WHAT IS THE STATUTE OF LIMITATIONS FOR INJURY TO A CHILD, ELDERLY INDIVIDUAL, OR DISABLED INDIVIDUAL IN TEXAS?
The limitation period for first degree felony injury to an elderly or disabled individual is ten years. The limitation period for injury to a child is ten years from the injured child’s 18th birthday. If it is charged as anything other than a first degree felony, the limitation period is five years.
INJURY TO A CHILD, ELDERLY INDIVIDUAL, OR DISABLED INDIVIDUAL IN TEXAS
Injury to a child, elderly individual, or disabled individual covers a wide range of conduct. If a person causes physical or mental injury to one of those protected individuals—other than by pure accident—it is possible to be charged with a crime. A person responsible for a protected individual’s care may also be charged with injury by omission if the person fails to adequately care for the individual.

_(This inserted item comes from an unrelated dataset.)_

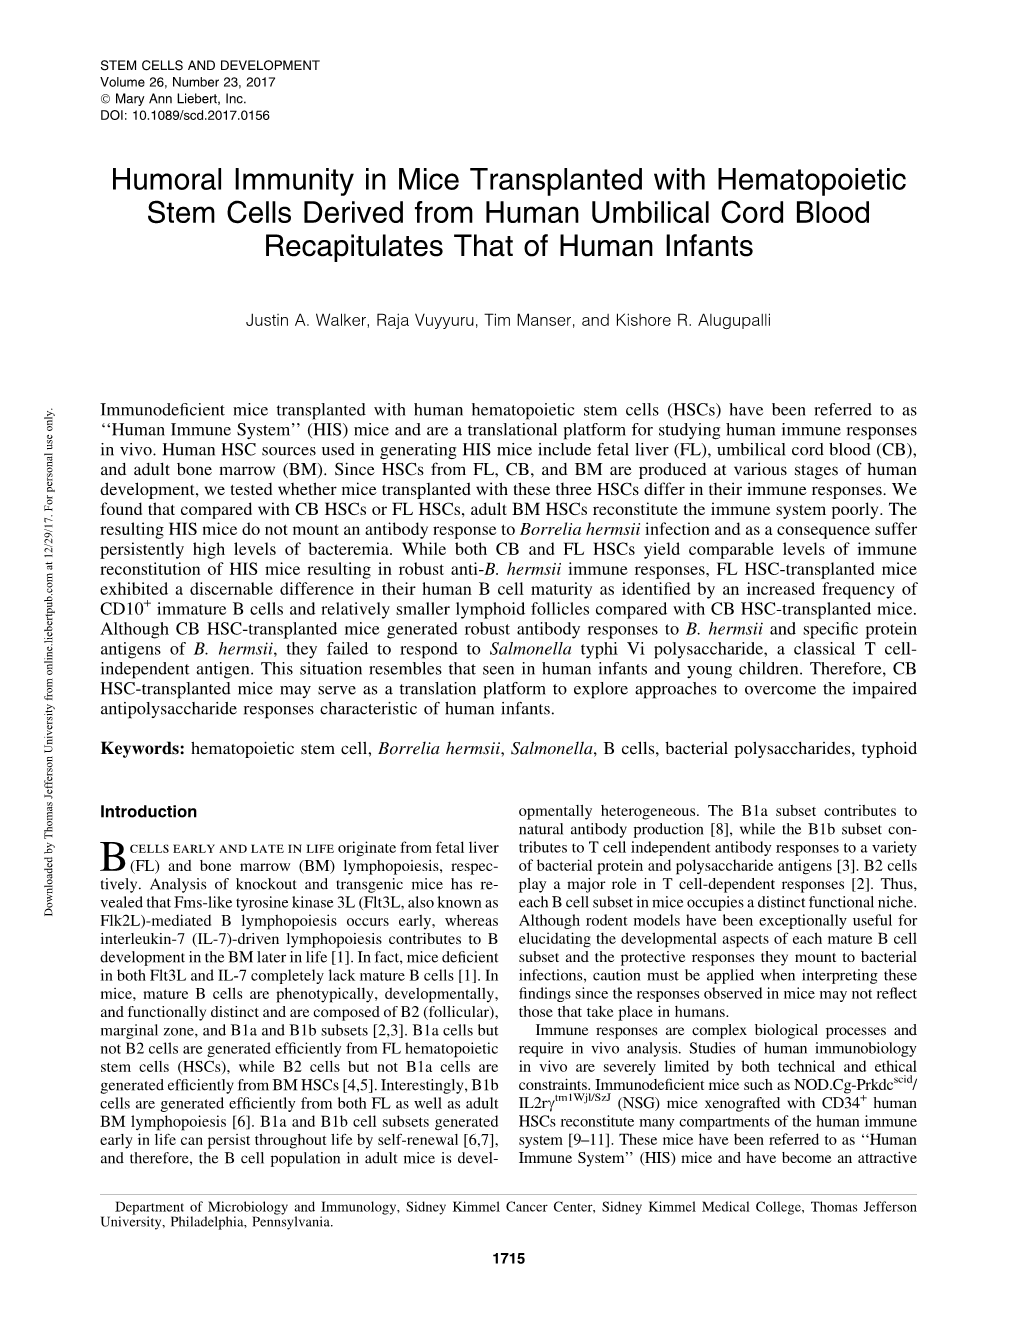 Humoral Immunity in Mice Transplanted with Hematopoietic Stem Cells Derived from Human Umbilical Cord Blood Recapitulates That of Human Infants

TEXAS INJURY TO A CHILD, ELDERLY INDIVIDUAL, OR DISABLED INDIVIDUAL COURT CASES
The case law in Texas regarding injury to a child, elderly individual, or disabled individual illustrates the statute’s application.
- What is an example of injury to a child by omission? In Proo v. State, a healthy five-year-old child moved in with his father, step-mother, and step-grandmother. Six months later, he died of dehydration, malnutrition, and head trauma. All three adults were convicted of failing to provide adequate nourishment and medical care for the child. The step-grandmother appealed, but the appellate court found she had assumed care, custody, and control of the child by watching him on numerous occasions. By failing to care for the child, she caused serious bodily injury and death to the child by omission.
- Can one be charged with injuring or killing an unborn child? Texas courts have held that a pregnant woman who uses drugs during pregnancy may not be charged with injury to a child. See, e.g., Collins v. State, 890 S.W.2d 893 (Tex. App.—El Paso 1994, no pet.). The Texas Legislature codified this judicial decision, enacting Section 22.12 of the Penal Code in 2003. A mother who uses drugs or other substances during pregnancy cannot be charged with injury to a child.But in Cuellar v. State, the defendant was convicted for intoxication manslaughter after crashing into a pregnant woman’s car. When the woman was rushed to the hospital, doctors delivered a live baby who died shortly thereafter from injuries caused by the crash. The appellate court upheld his conviction.